Alguém aí viu, por acaso, Cassia Eller como convidada especial de Margareth Menezes no seu bloco Mascarados abrindo um Carnaval? Não só vi como estava em cima do trio enquanto Cássia levantava o vestido e mostrava aquelas calçolas que ela usava, bem grandona, tipo de vó.. Acho também que ela mostrou os seios mas não me lembro exatamente.
Vi também em outro ano a cantora Bjork e seu marido, o artista plástico Mathew Barney, a bordo de um engenhoca louca no final da noite, sem ninguém entender do que se tratava, mas a turma cabeça achando fenomenal...
Saí também numa outra ocasião em cima de um trio comandado pelo DJ Fatboy Slim e, lá de cima, vi todo o trecho da Barra até Ondina, com os foliões dançando ao som do melhor techno do mundo. Mais uma experiência de jetlag intelectual que eu vivi: estava acostumada a ver a multidão pulando atrás dos trios com música baiana e parecia que eu tinha tomado alguma droga, porque o registro nessa vez era outro. Foi difícil assimilar, mas foi intenso e transformador.
Tudo isso eu vivi e vi, assim como Milton Nascimento passando em cima de um trio e parando em frente ao camarote de Gilberto Gil para cantar junto com Caetano Veloso, que estava lá como convidado. Momentos únicos e talvez seja por isso mesmo que até hoje todos os anos eu venho para Salvador em busca de emoção de verdade.
Hoje em dia fico atenta ao BaianaSystem, o grupo comandado por Russo Passapusso, que faz multidões sem fim pularem ao seu som transgressor e revolucionário . Em todos os carnavais que passe por Salvador não deixei de, sábado à noite, subir a ladeira do Curuzu para assistir à saída do Ilê. Os tambores naquele terreiro fazem qualquer coração bater mais forte. Não costumo perder também a saída dos Filhos de Gandhy no lago do Pelourinho, com uma bênção e uma cerimônia sacra. Aliás já fui até assaltada lá, roubaram meu celular sem eu perceber, naquela muvuca, colocaram uma mão no meu bolso, pegaram meu celular e eu nem senti.

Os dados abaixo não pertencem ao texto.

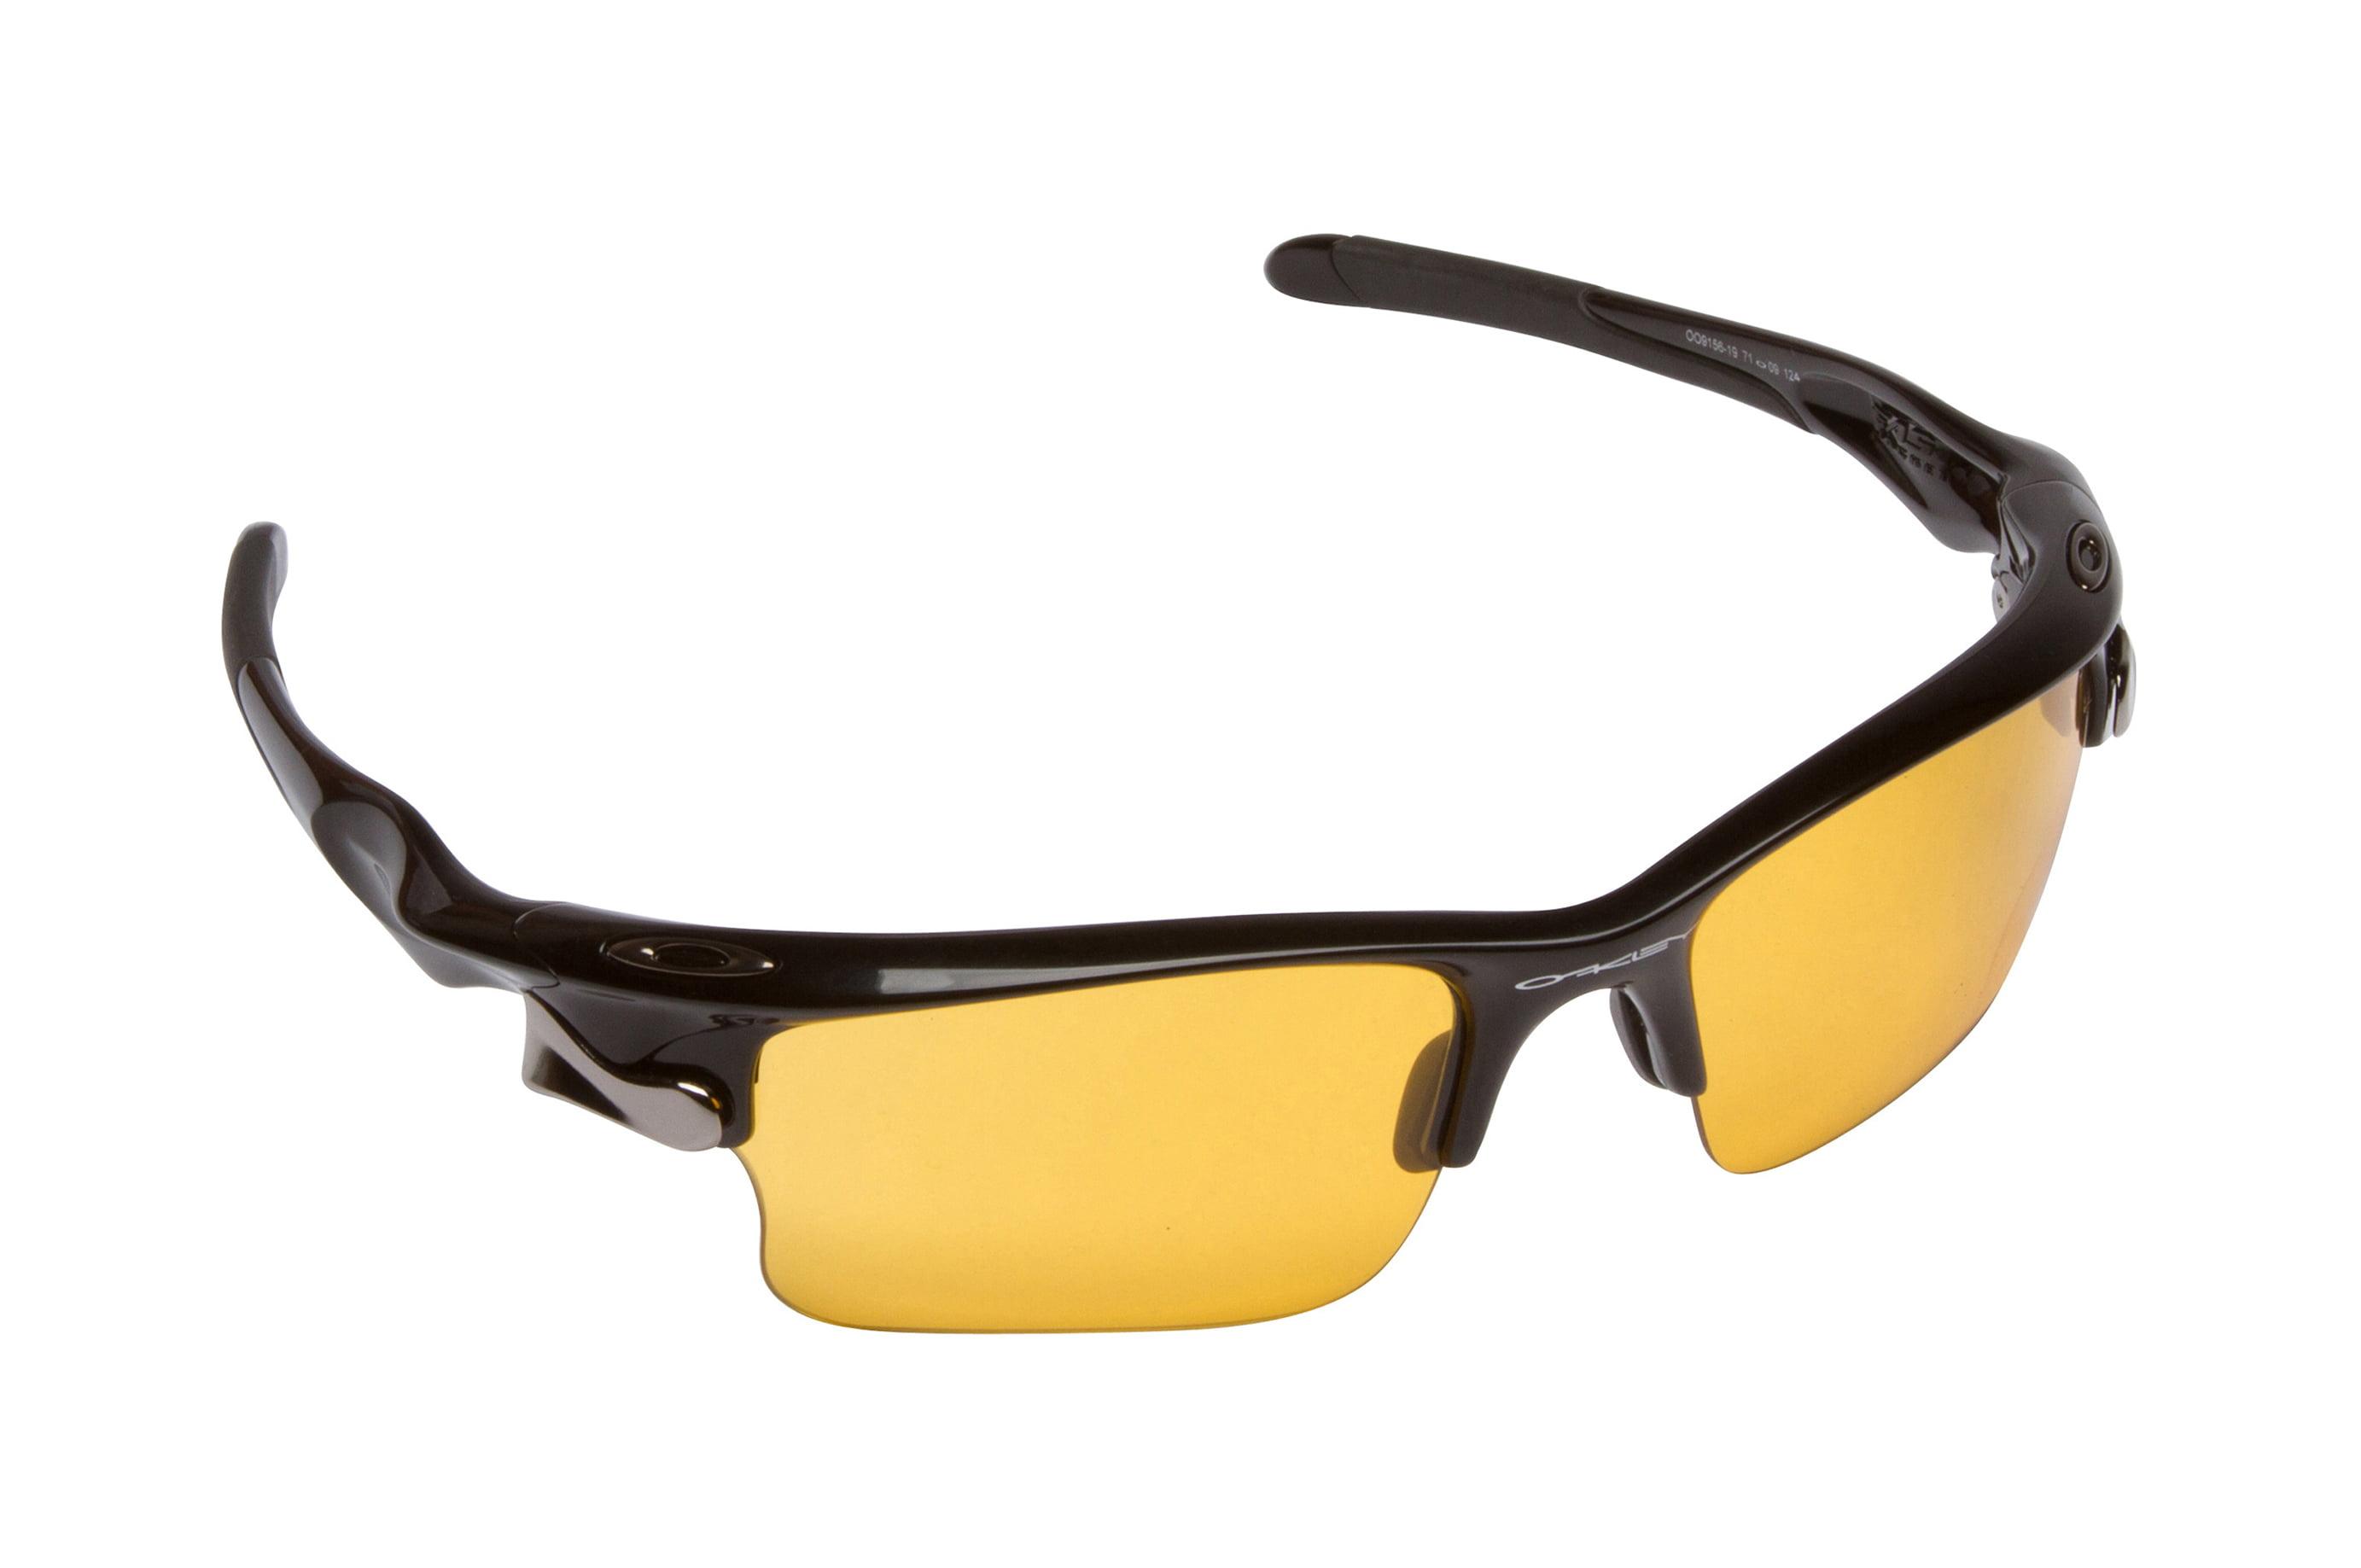 af1e923c29d Seek Optics - Fast Jacket XL Asian Fit Replacement Lenses Hi Yellow by SEEK  fits OAKLEY - Walmart.com

Ah, Bahia? Neste ano, também vi passar Claudia Leitte, Bell Marques mas não consegui acompanhar o vai e vem dos quadris inquietos de Léo Santana: gosto demais. Já pulei muito com o Araketu no Campo Grande, já saí com Daniela Mercury no auge. Parece que já fiz quase de tudo no Carnaval de Salvador, mas ainda não encontrei um jeito de lidar com a frustração de perder apresentações únicas. Ainda não consegui estar em dois lugares ao mesmo tempo. Ainda.